To describe asymptotic costs as the problem size becomes large, we will use the following notation:

*g* = O(*f*) if limsup_{x→∞} ^{g(x)}⁄_{f(x)} <; ∞,

*g* = Ω(*f*) if liminf_{x→∞} ^{g(x)}⁄_{f(x)} >; 0,

*g* = Θ(*f*) if *g* = O(*f*) and *g* = Ω(*f*),

*g* ∼ *f* if lim_{x→∞} ^{g(x)}⁄_{f(x)} = 1.

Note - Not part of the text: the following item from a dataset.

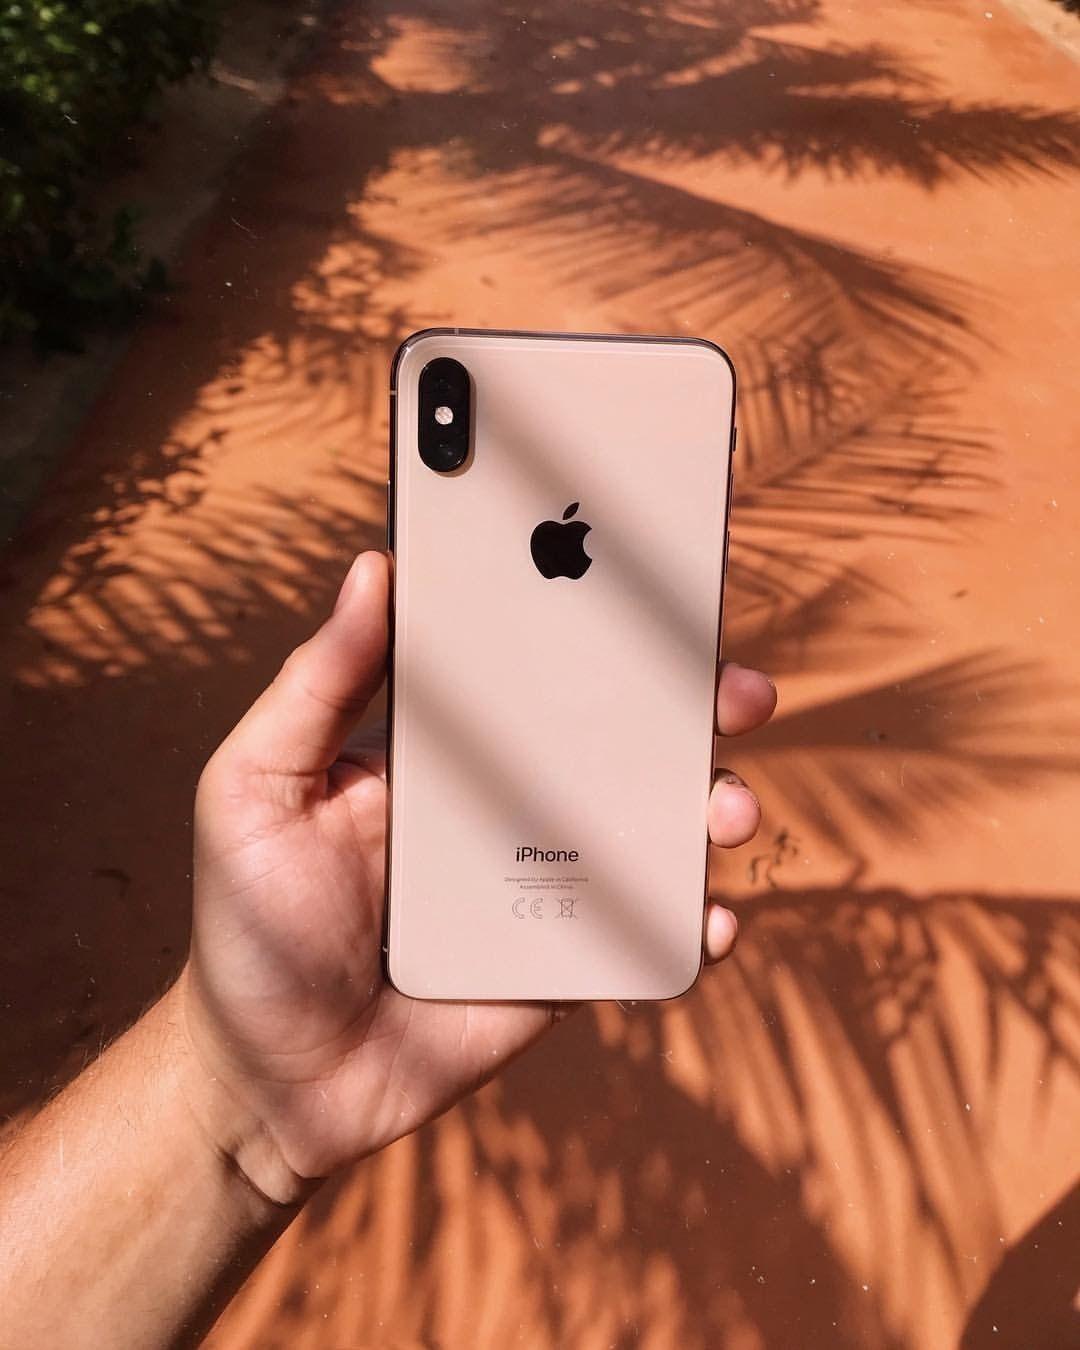 Pin By Yasmin On ɪᴘʜᴏɴᴇ Iphone Apple Iphone Apple Phone

These notes will *not* attempt to formally define what constitutes “an algorithm”. This can be a tricky point, and is especially important if one wants to rigorously establish non-trivial lower bounds on computational costs: if simply guessing the right answer and returning it in one operation is a valid algorithm, then the lower bounds are trivially 1 in all cases.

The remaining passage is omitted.